Your task is to restate the listing word for word without the pictures.

**Input data**
↓

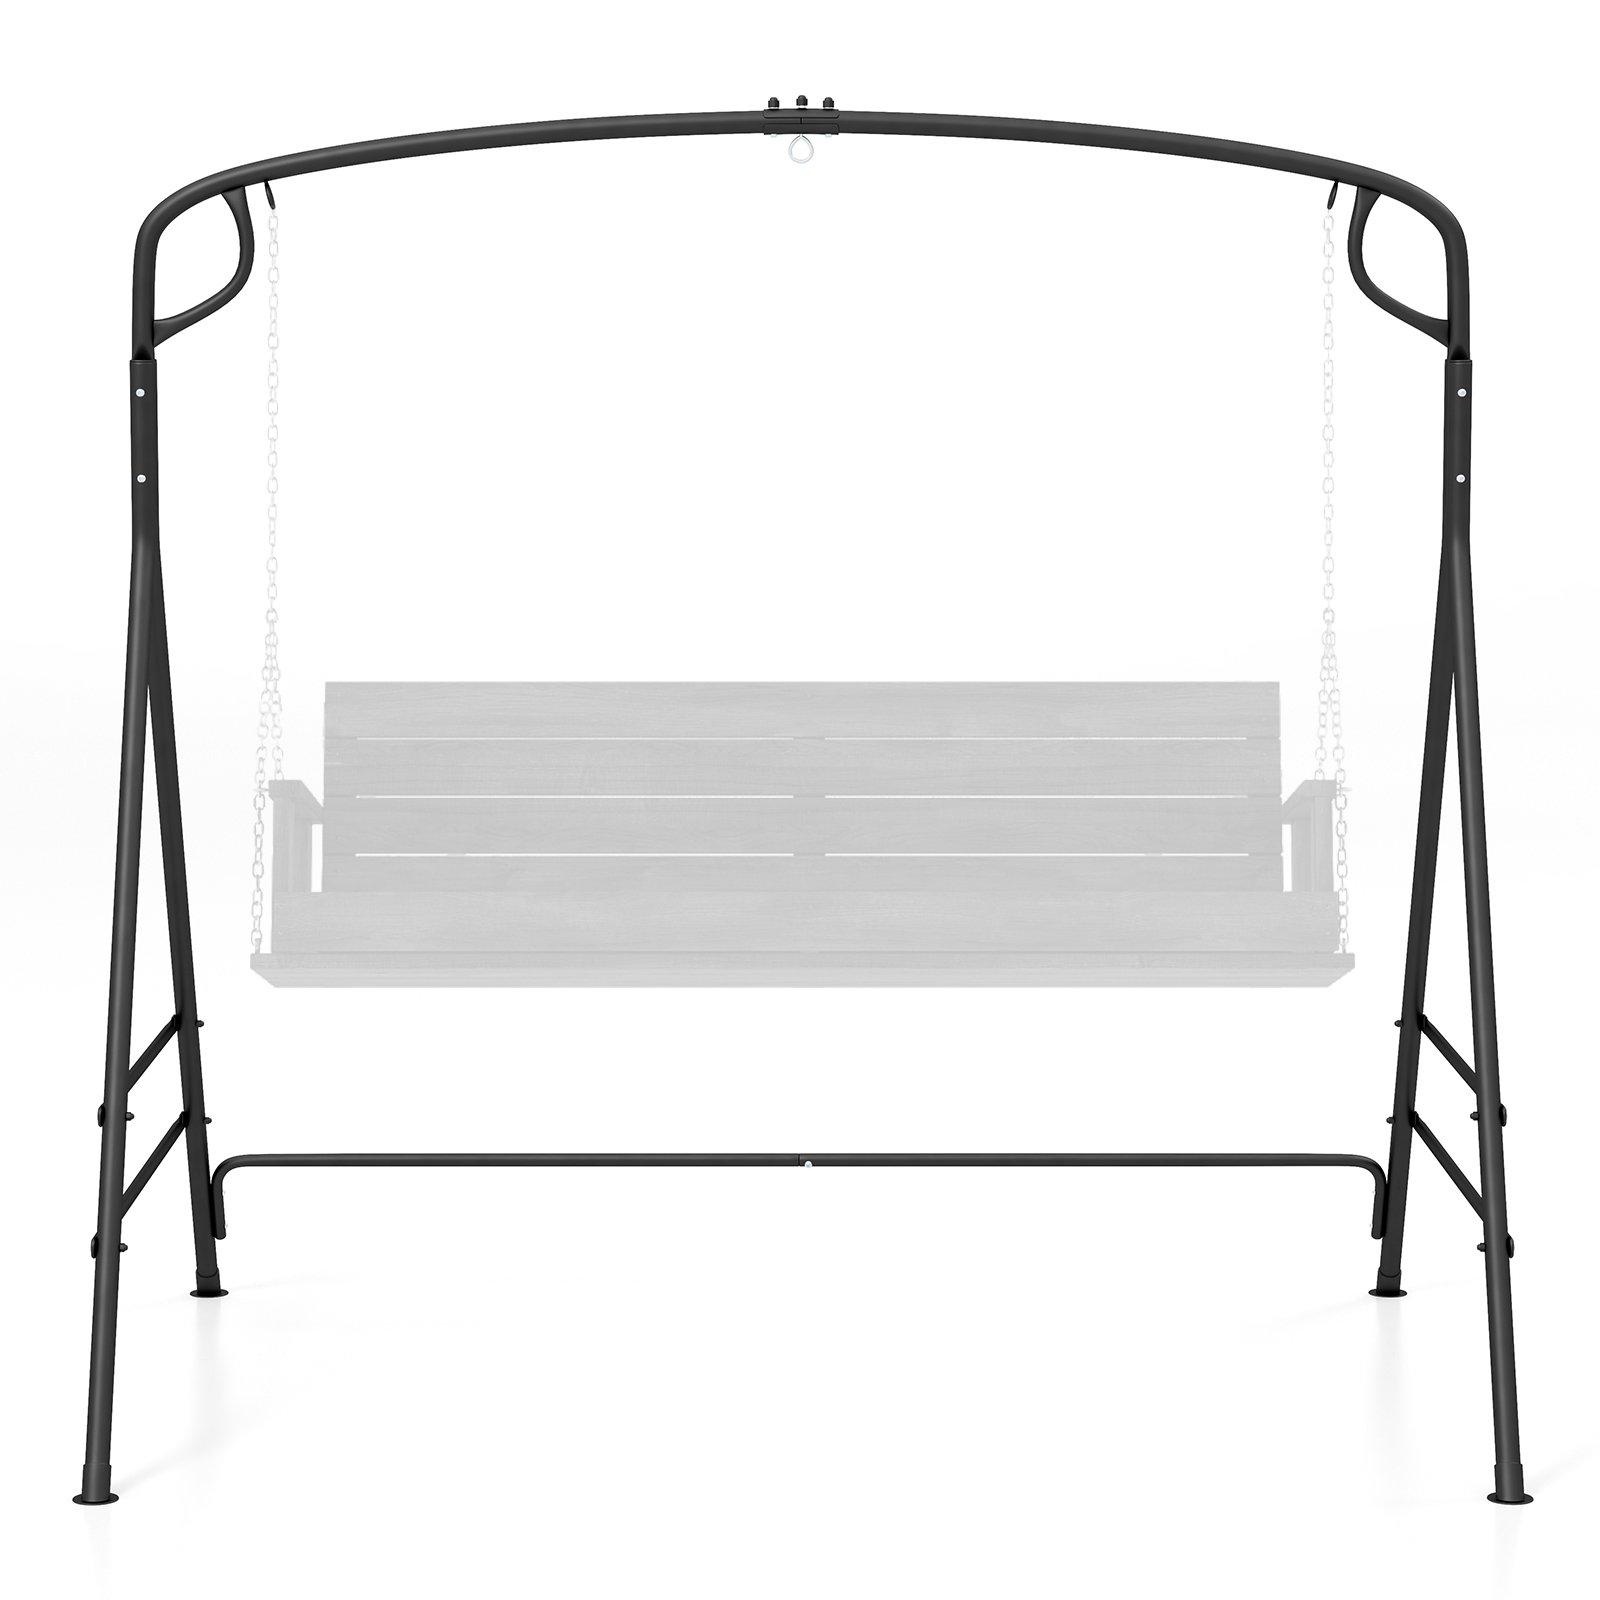 Outdoor Metal Swing Frame Sturdy A-Shaped Porch Swing Stand w/ Extra Side Bars
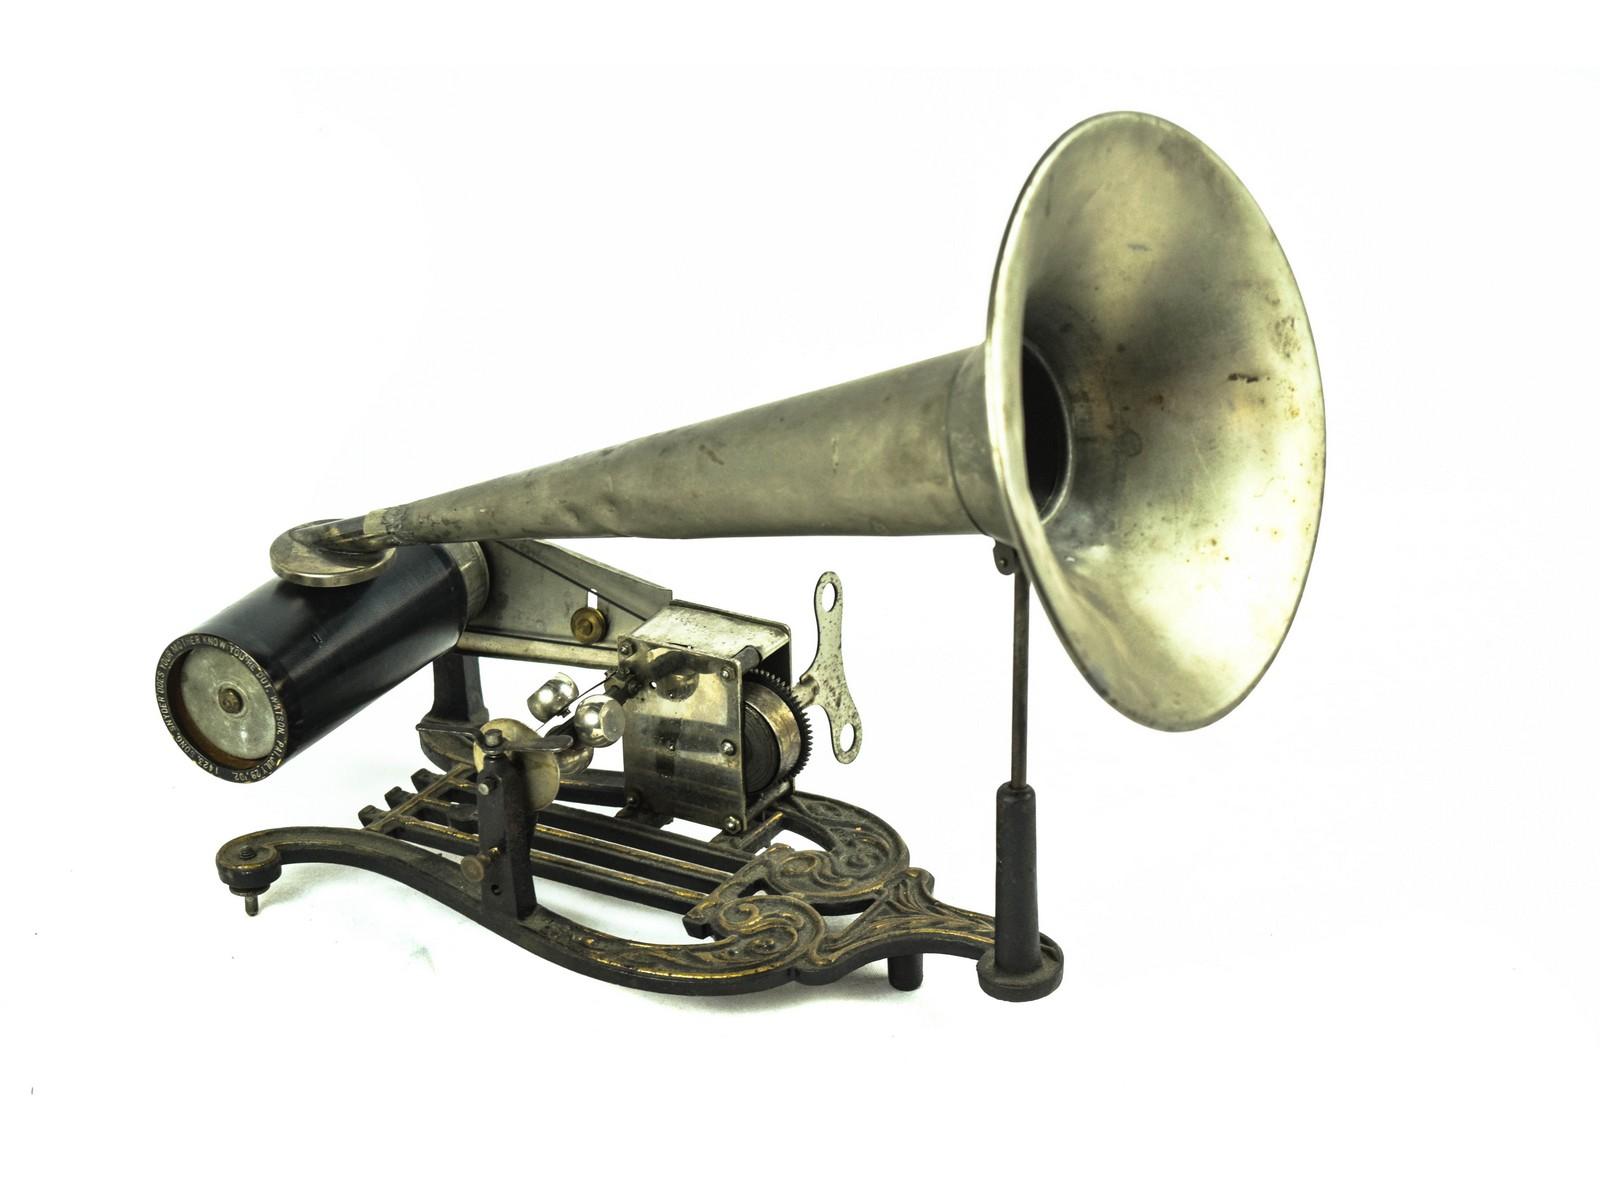 Puck Cylinder Phonograph with Horn & Reproducer
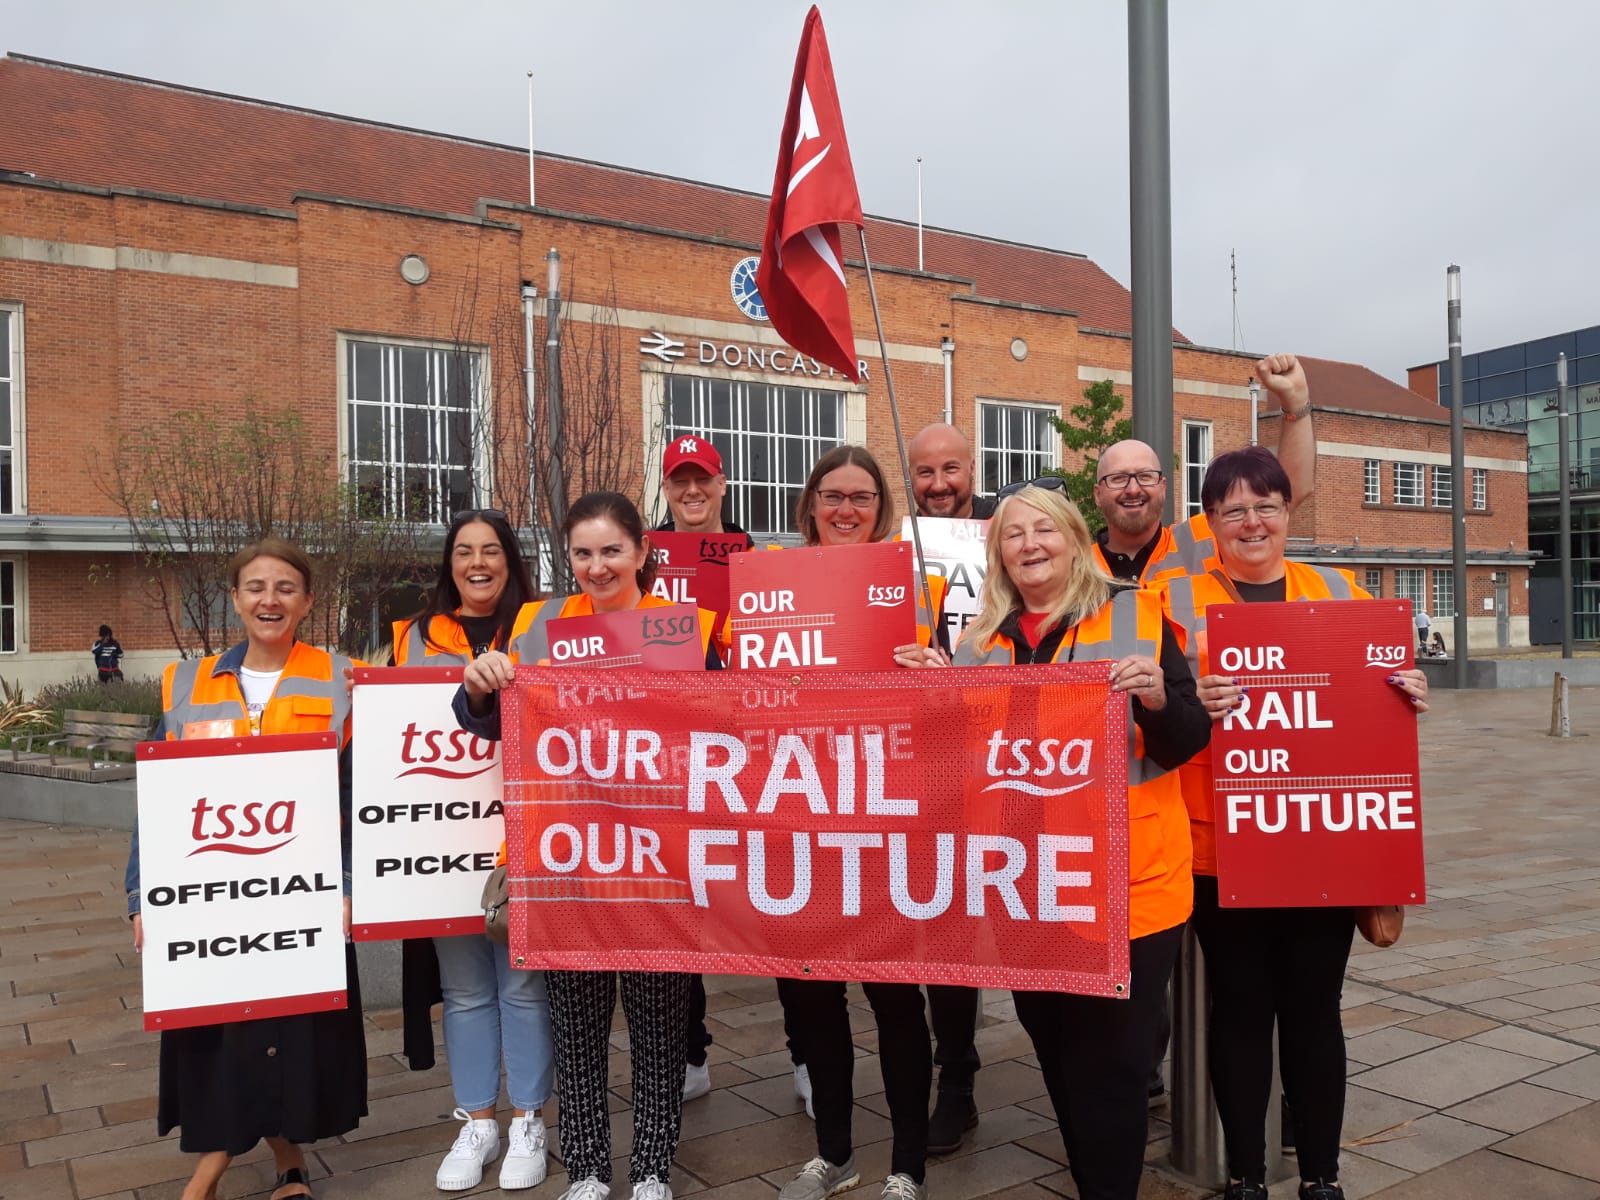 Image shows picket line with TSSA's Andi Fox and eight other TSSA members wearing hi-vis jackets on strike in Doncaster

↑

**Solution**
 Outdoor Metal Swing Frame Sturdy A-Shaped Porch Swing Stand w/ Extra Side Bars
 Puck Cylinder Phonograph with Horn & Reproducer
 Image shows picket line with TSSA's Andi Fox and eight other TSSA members wearing hi-vis jackets on strike in Doncaster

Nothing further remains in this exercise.